C’est problématique, cette histoire de calendrier maya.

Je vous explique. Chaque année, les anciens dieux mayas venaient vendre leur calendrier. Ça leur permettait de financer leur retraite. Ancien dieu, c’est pas facile tous les jours, faut bien trouver des moyens. Eux, c’était les calendriers. Ils passaient en fin d’année et on en prenait un à chaque fois. Il faut dire que chez les Mayas, les montagnes étaient considérées comme des divinités. Et quand t’as un pic andin qui essaie de te fourguer son calendrier, tu fais pas le malin, tu prends. Cette année, ils ont décidé de ne pas en vendre, je ne sais pas pourquoi. Alors bien sûr, c’est pas la fin du monde. Mais c’est embêtant, surtout pour moi qui n’ai jamais eu la notion du temps. J’ai un peu tendance à confondre six jours et plusieurs millions d’années.

C’est pas la fin du monde, mais il paraît que beaucoup d’entre vous y croient. Le Nouveau a décidé qu’il fallait informatiser le système d’admission, vu qu’à chaque fin du  monde c’est pareil, les arrivées doublent chez nous. Du coup, je reprends quelques semaines de vacances. Il aimerait que j’en profite pour faire de l’évangélisation. Enfin, il appelle ça capitaliser sur l’effet de crainte pour redynamiser notre customer base. Mais d’après lui, simplement jouer sur l’effet peur de la fin du monde pour attirer de nouveaux adhérents, ça ne suffira pas.

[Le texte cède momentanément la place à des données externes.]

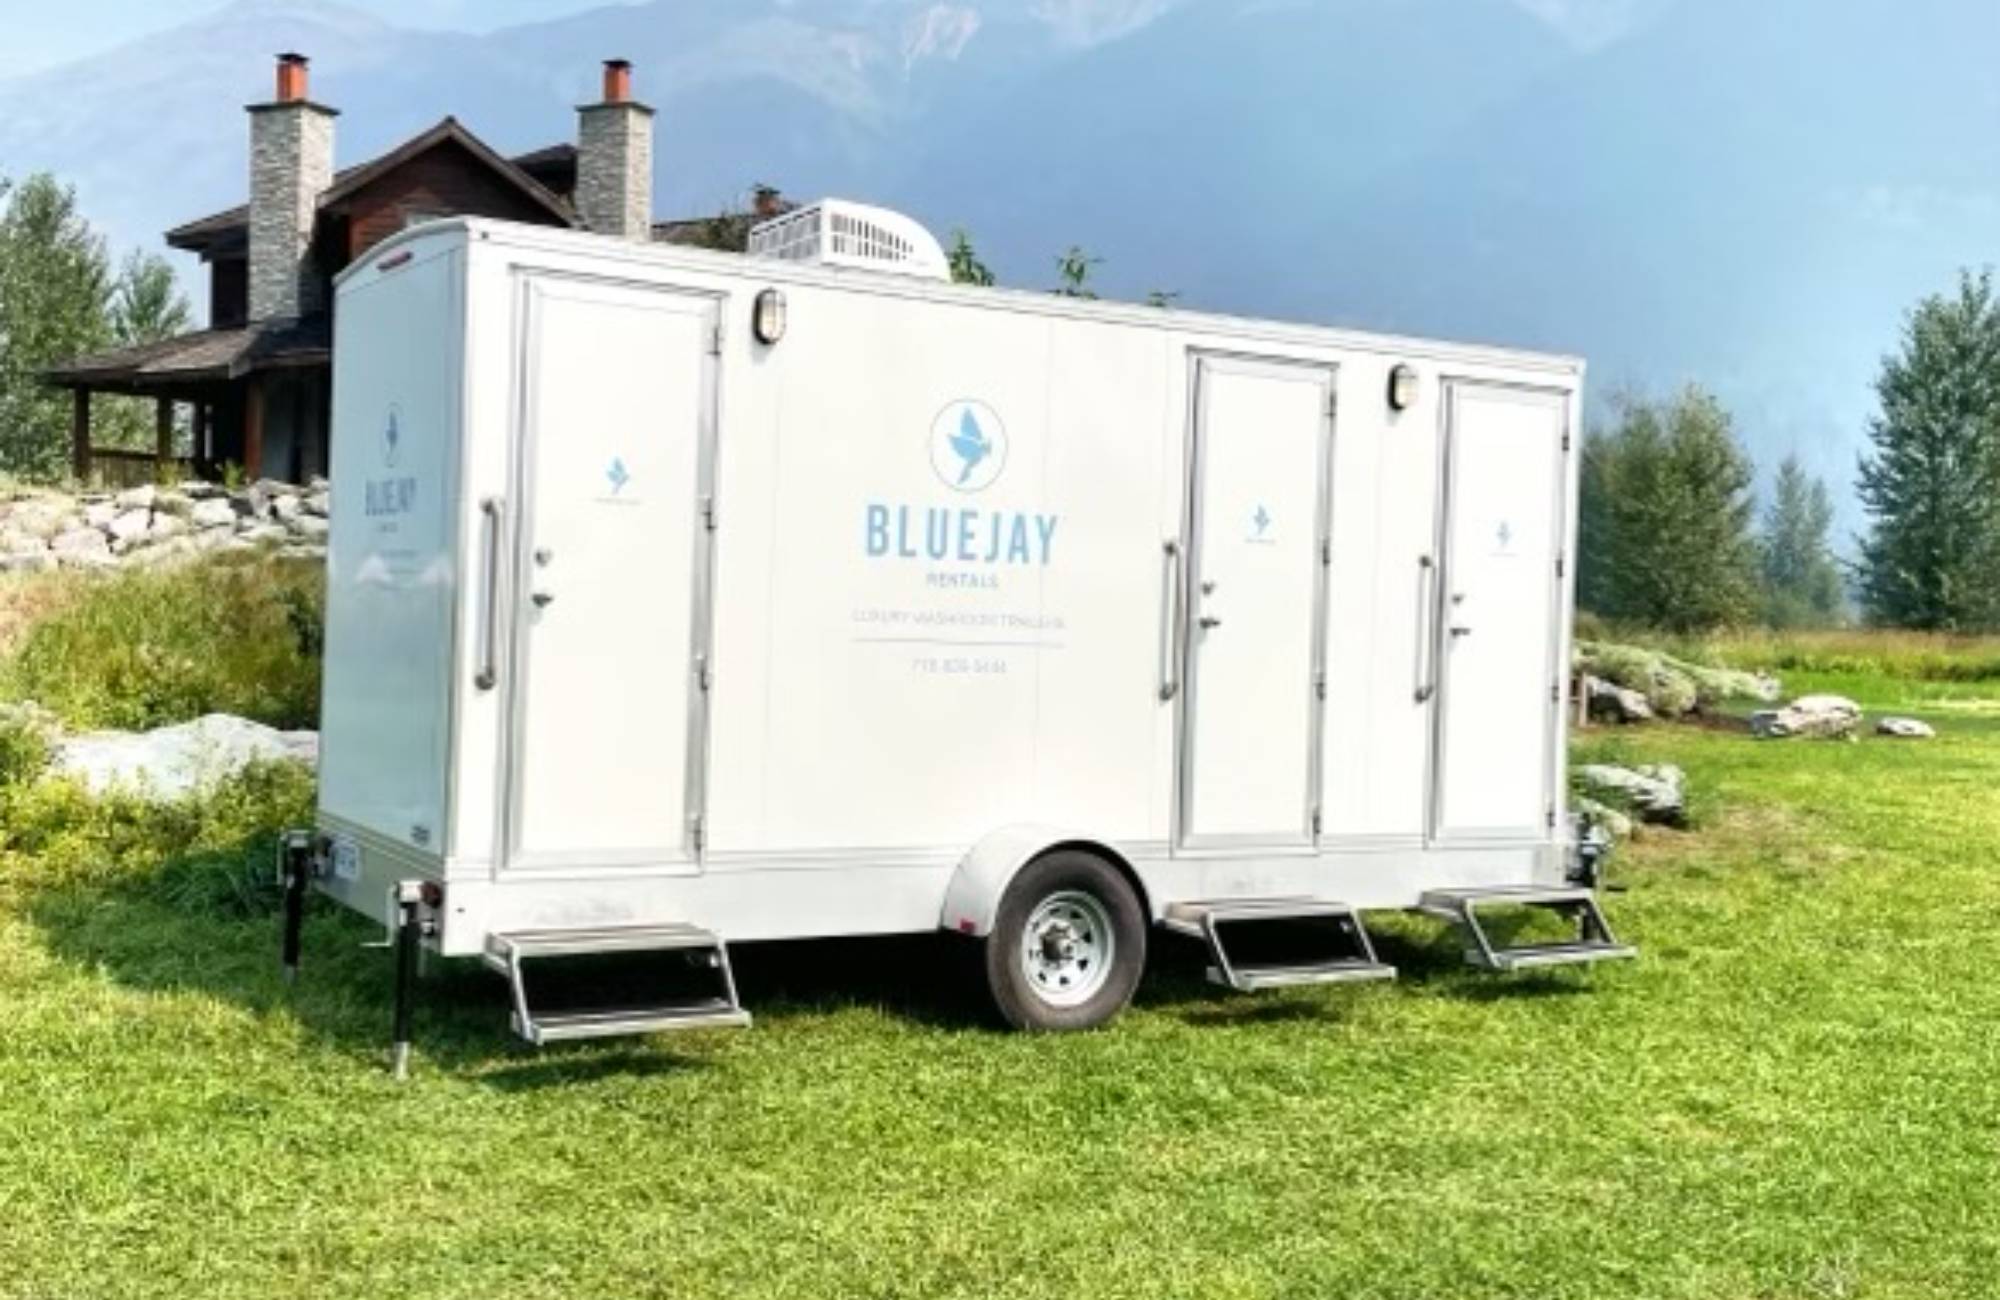 washroom trailer for wedding outside grass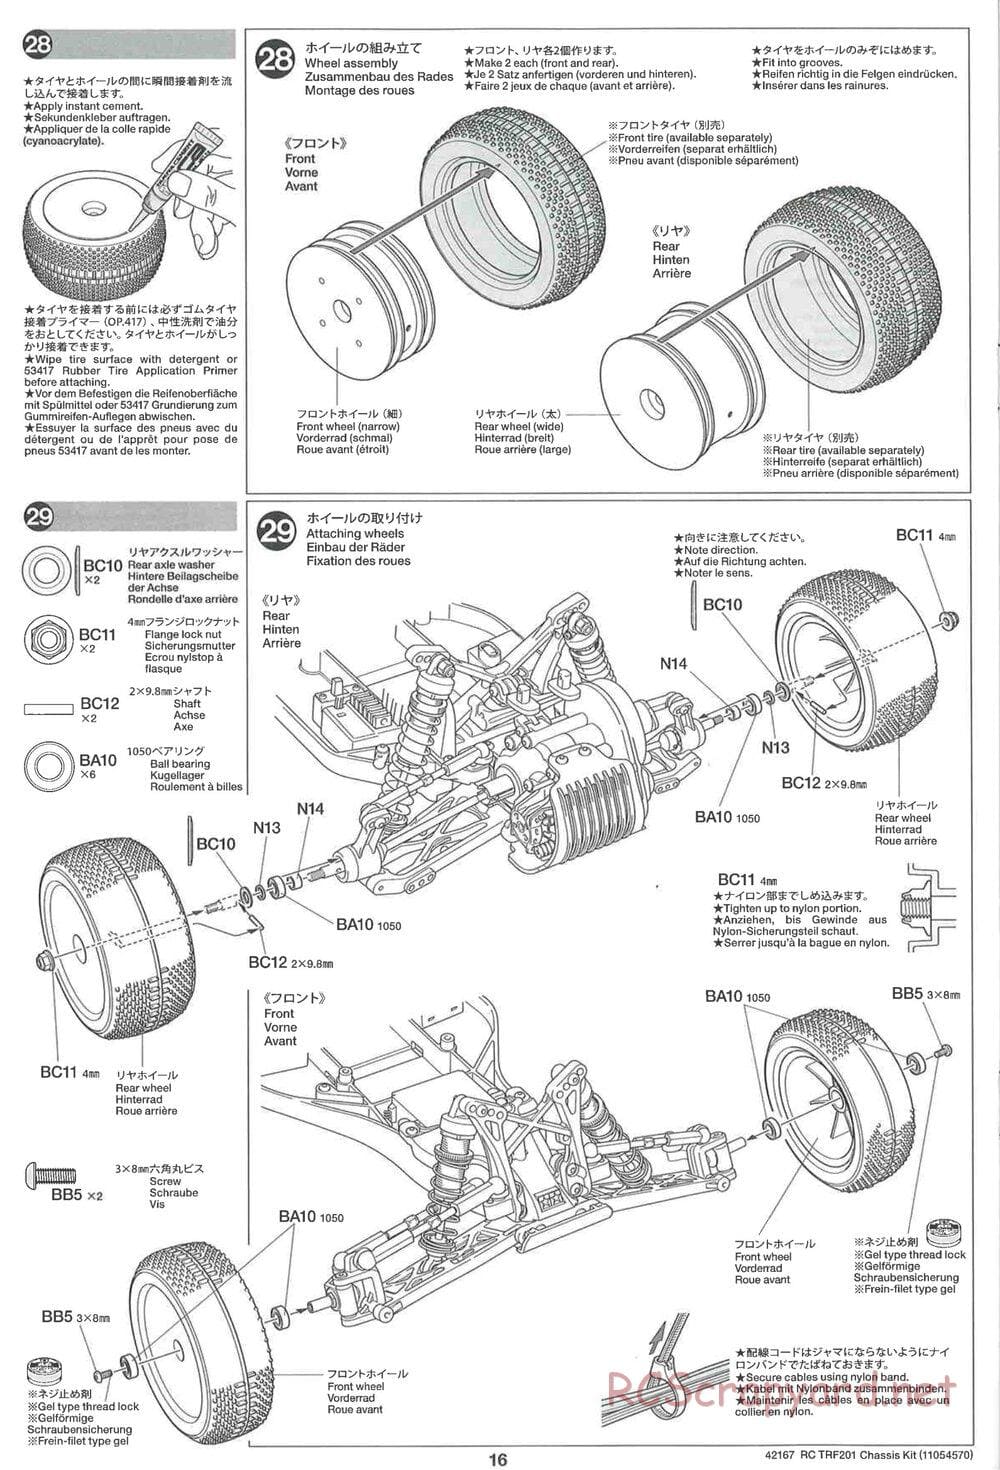 Tamiya - TRF201 Chassis - Manual - Page 16

Il pense que nous devons proposer des nouveautés. Cinq ans de Paradis offerts pour toute nouvelle adhésion, par exemple. Ou alors des miracles gratuits.

Je trouve ça complètement idiot, mais je lui ai dit que j’allais y réfléchir, ça me permet de prendre un peu de vacances en plus, six jours ou quelques millions d’années. Faut que je vous laisse, je dois préparer mes piolets, un copain mexicain veut que je passe prendre l’apéro.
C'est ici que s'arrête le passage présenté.